Wednesday, August 17, 2016
In-depth study of protein inference!
August and September is crazy time for my day job so the blog is probably going to be worse than usual for a while...so if I write about something during this time its cause I really really like it.
Case in point:
(Direct link here)
These guys totally had a protein inference party! Protein inference is the problem that I think is really well described in the image at the top (this supposedly was taken from the wall in a 1st grade class....this is definitely a better school than the one I went to....).
We KNOW the Peptide Spectral Match (probably...). Our search engines are great at that. "This MS1 mass and MS/MS fragmentation of the area around that MS1 mass matches this peptide from our FASTA index". The tricky part is what protein is present?
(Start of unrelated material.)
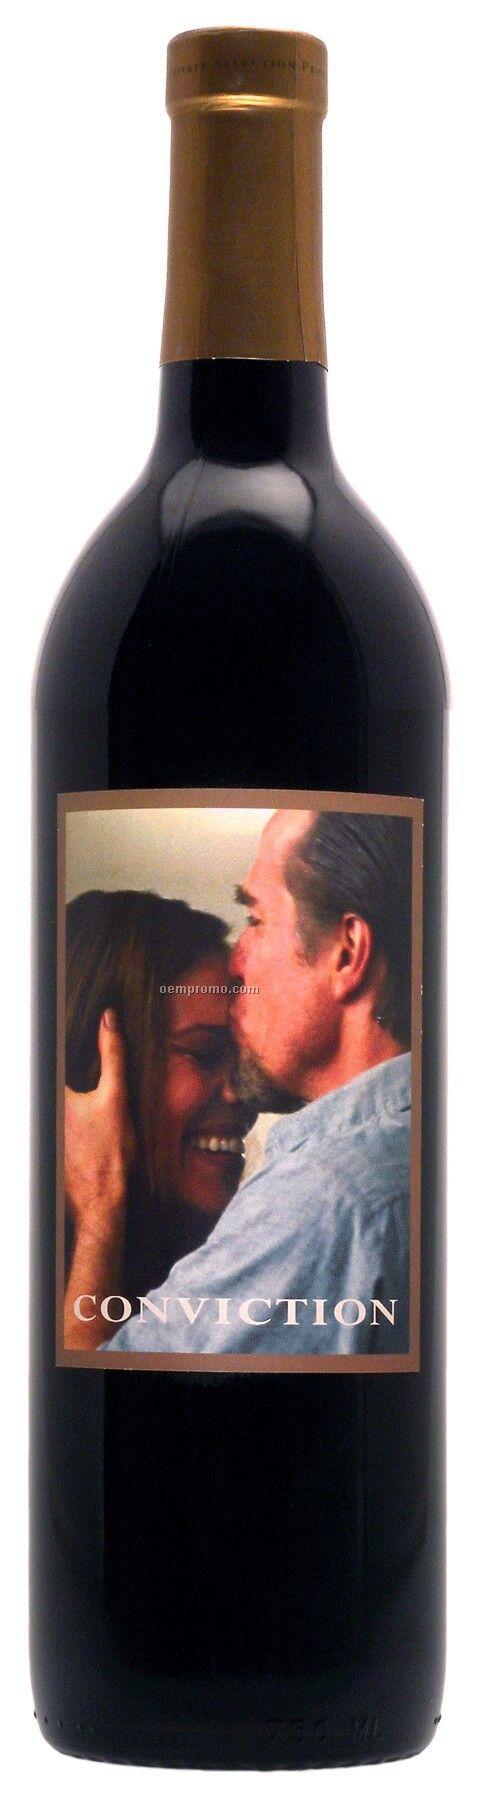 750ml Standard Cabernet Sauvignon Wine With Label

So this group of slackers did what everyone else would do...who had the technical capabilities of taking most of the protein inference algorithms and then putting them into the same operating environment. They used something called KNIME which appears to be some sort of a big Cloud-based collaboration environment. To get everything working together they assembled an OpenMS workflow within this environment. Of course, they made it all available to download on GitHub here (under the really cool name, KNIME-OMICS)
Once they got everything all operating under the same technical conditions and parameters. Wait. Describe everything:
They used the search engines: Mascot, X!Tandem and MS-GF+
And then the inference algorithm: FIDO, PIA, ProteinProphet, ProteinLP and MSBayesPro (I don't know the last 2. No time to investigate)
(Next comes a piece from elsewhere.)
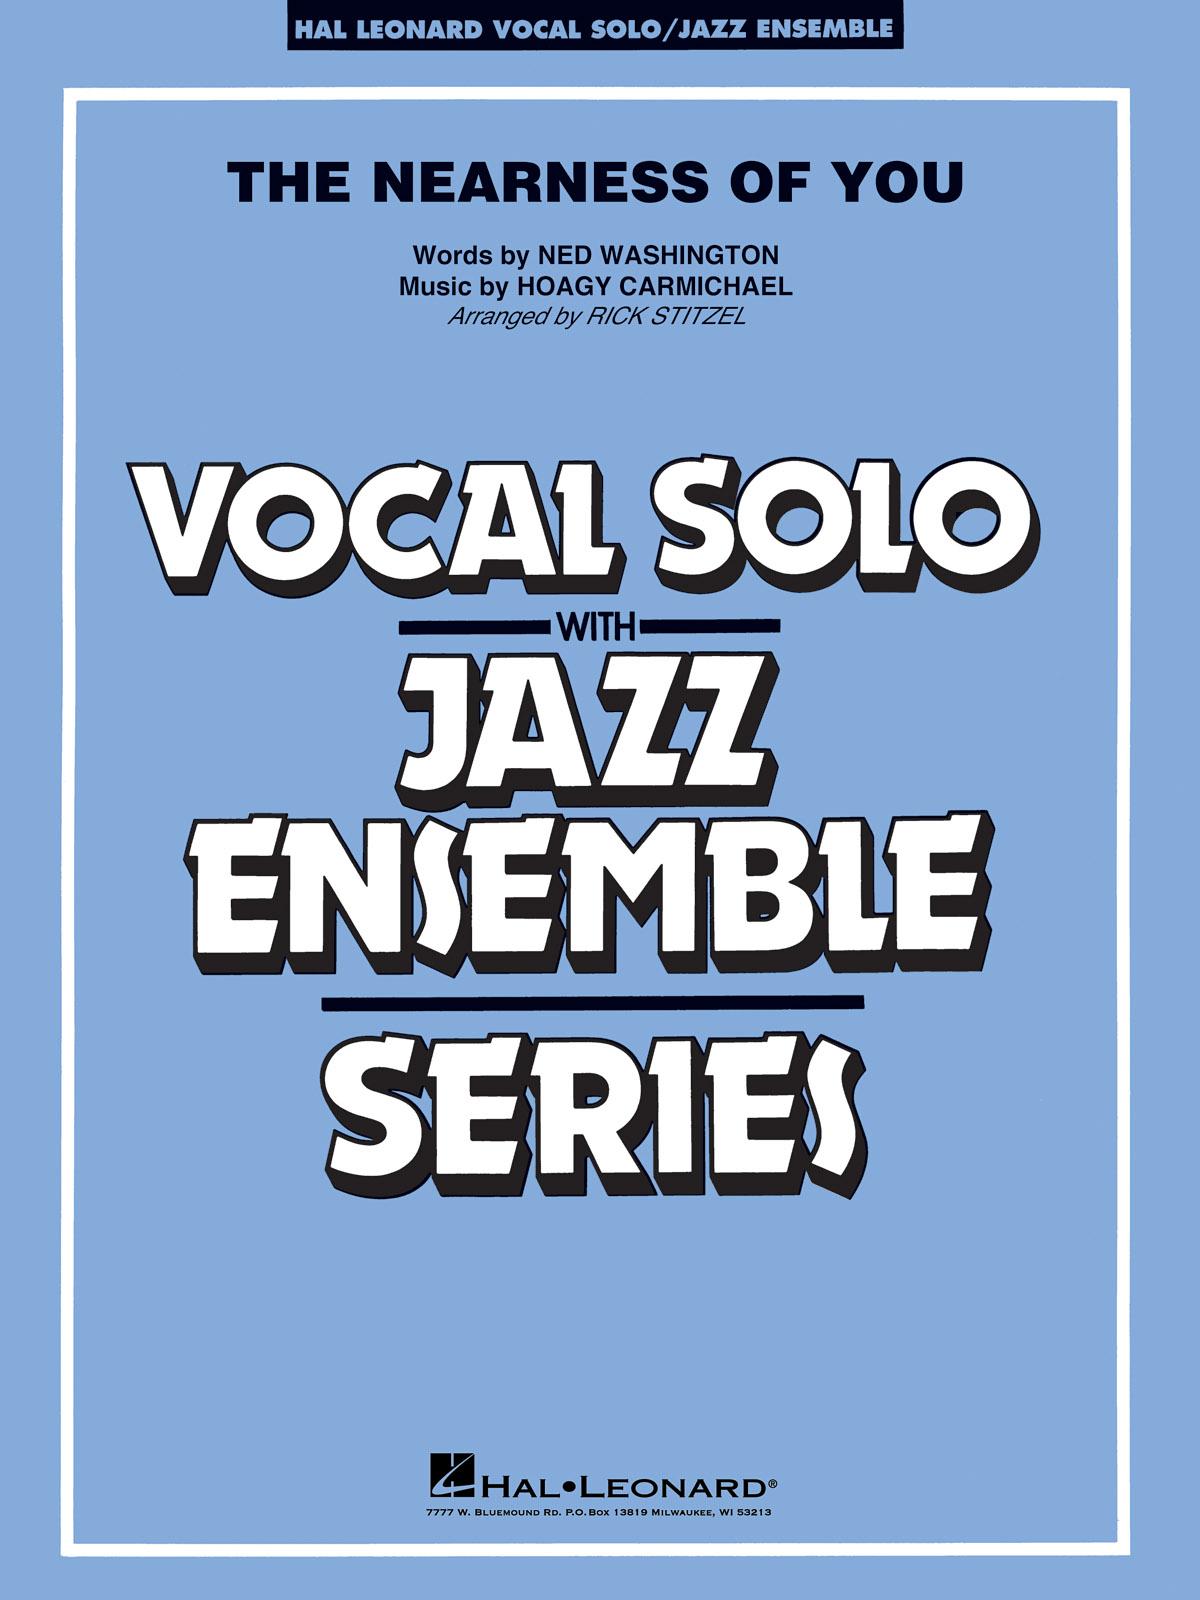 Hoagy Carmichael Ned Washington: The Nearness of You (Key: C): Jazz Ensemble and

They picked 4 datasets of varying levels of complexity from public repositories. They range from a yeast digest all the way up to a lung cancer analysis. Then they go to work. I'd like to mention that the paper is really well written. No guesswork regarding what setting they used for which algorithm. Every one I have the concentration on this little sleep to really look at seems clearly detailed.
Good news for us non-programmers in the Proteome Discoverer world, cause FIDO seems to perform really well in these studies, providing the highest number of unique proteins inferred as the number of databases increase of all the inference algorithms. Go FIDO!
Probably the coolest conclusion is something we've probably all observed a little -- that increasing the number of algorithms doesn't always increase the number of proteins inferred at the end. But it does increase the number of peptides which increases the strength and accuracy of our inferences.
Despite the fact we didn't see Sequest or Comet employed I think we can infer from the other 3 algorithms and strength of observations that what they show here would reproduce well in the most used search algorithms as well. This is the most thorough and best controlled study I've ever seen on protein inference so I'll definitely take it!